Monday, August 29, 2011

The Laughing Heart


your life is your life
don’t let it be clubbed into dank submission.
be on the watch.
there are ways out.
there is a light somewhere.
it may not be much light but
it beats the darkness.
be on the watch.
the gods will offer you chances.
know them.
take them.
you can’t beat death but
you can beat death in life, sometimes.
and the more often you learn to do it,
the more light there will be.
your life is your life.
know it while you have it.
you are marvelous
the gods wait to delight
in you.
-Charles Bukowski

N.B: Each day we all face some heartache- ranging from a broken heart or the death of a loved one, to the massacre of a beloved team or the chipping of a fresh manicure. And while some of us strain towards that glimmer of light, there are those who succumb to the darkness and choose to end it all, leaving behind a thousand "if only"s.
If only...  

Friday, August 26, 2011

Depp and stuff

Back in hostel, we devoured romance novels and I discovered a wildly impractical romantic side of myself. My favourite fantasy then was to be forced into marriage to some nasty old reprobate and, on the wedding day, the man I'm secretly in love with would come riding up on an old scooter and abduct me from the altar (I had also recently watched "The Graduate" around this time). Then we would pretend to be Chinese immigrants and move to Ireland..no wait, I was in love with New Orleans then, so yeah, we would move to New Orleans and open a Dim-Sum Restaurant, okay, okay, I admit I never really thought about what comes after the abduction.
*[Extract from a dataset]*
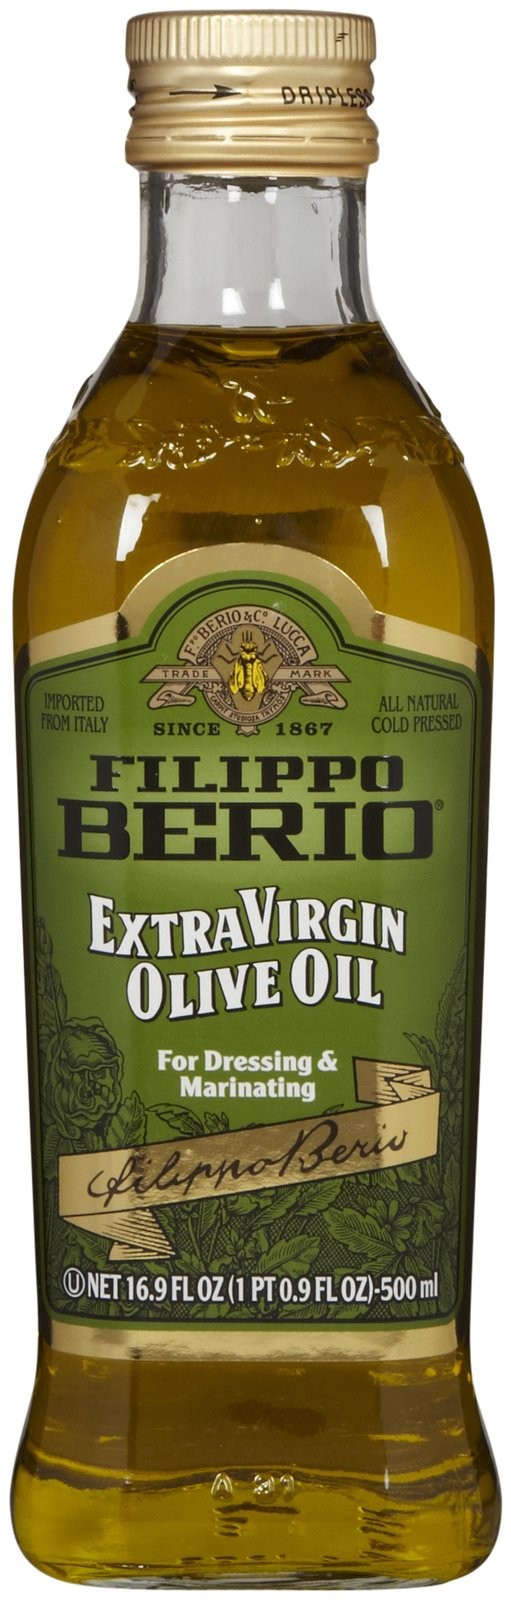 Filippoberio - Extra Virgin Olive Oil Bottle
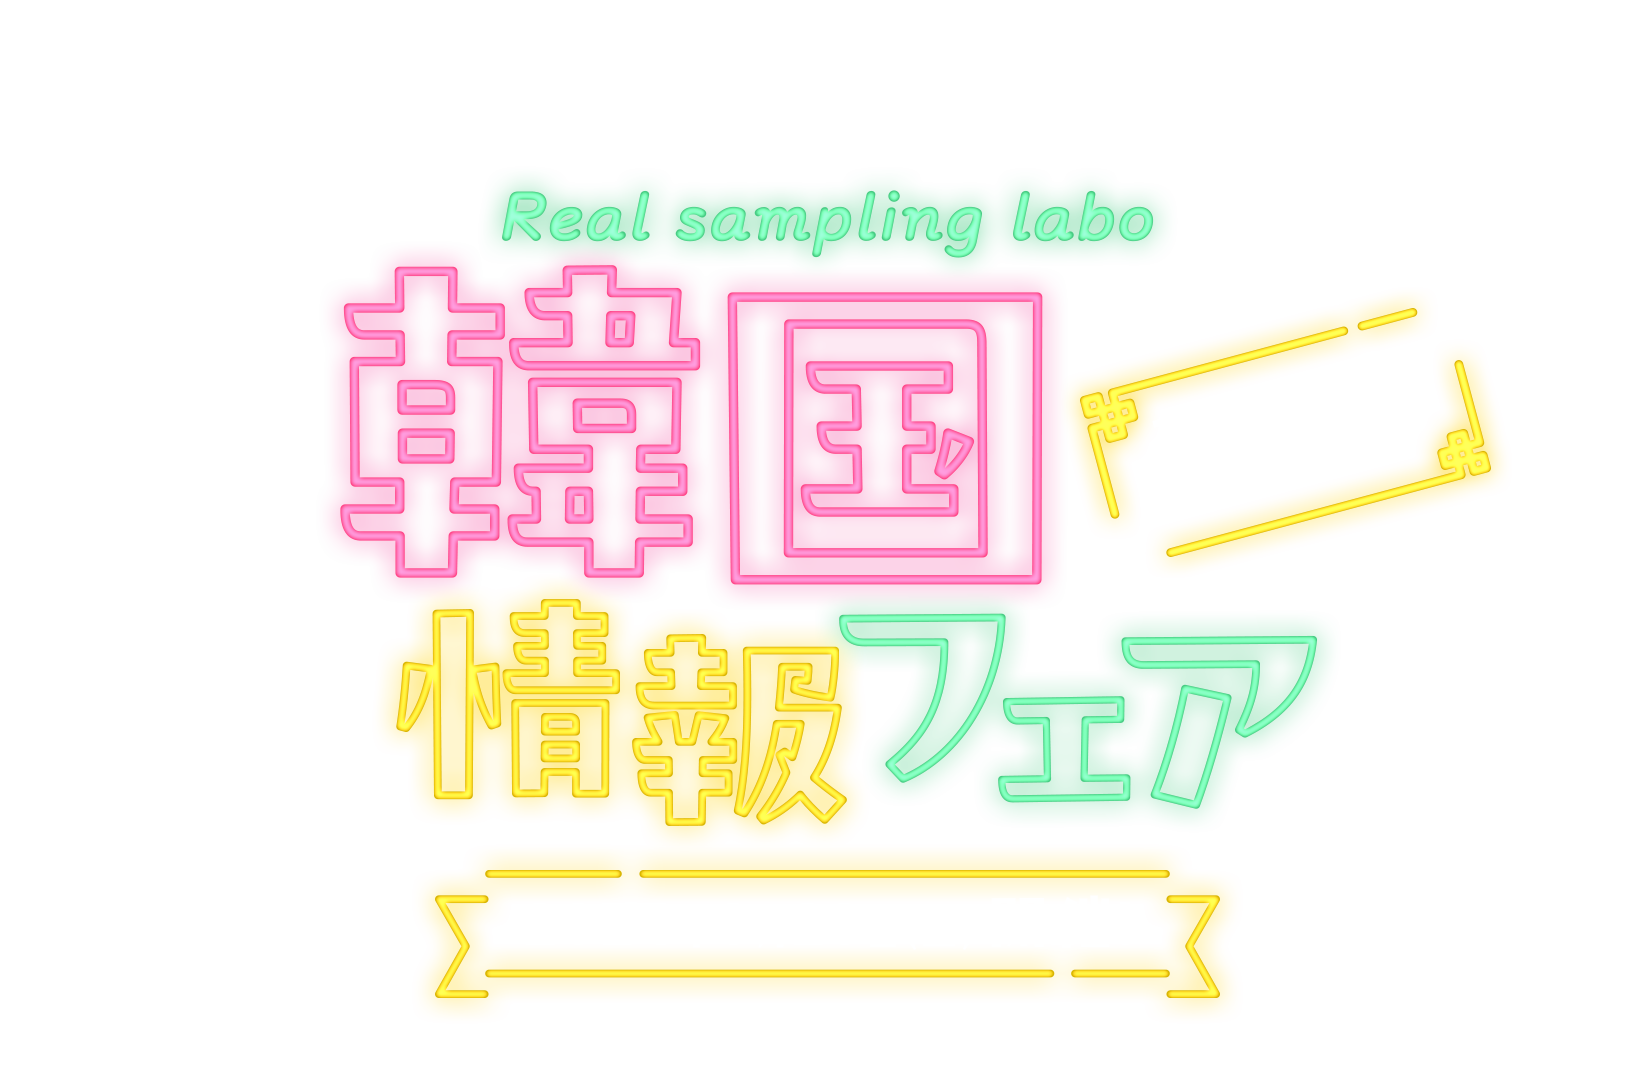 Real sampling labo 韓国情報フェア

Anyway, my roommate, who had always been disgustingly unromantic, tried to dissuade me from ever fulfilling this fantasy. "Think of the shame that your parents would feel". "Serves them right for forcing me to marry some disgusting man that I don't love". "Your'e not even allowed to have boyfriends yet, so why would they force you to marry anyone anyway?" "This will be after I'm all grown up". "Why did the man you love wait until the last minute to abduct you? If he truly loves you too, he would have abducted you long before". "Maybe he didn't know that I love him". "And why didn't you just say 'no' to your parents? Why would you meekly let yourself be forced into marrying someone you don't love?" "Shut up".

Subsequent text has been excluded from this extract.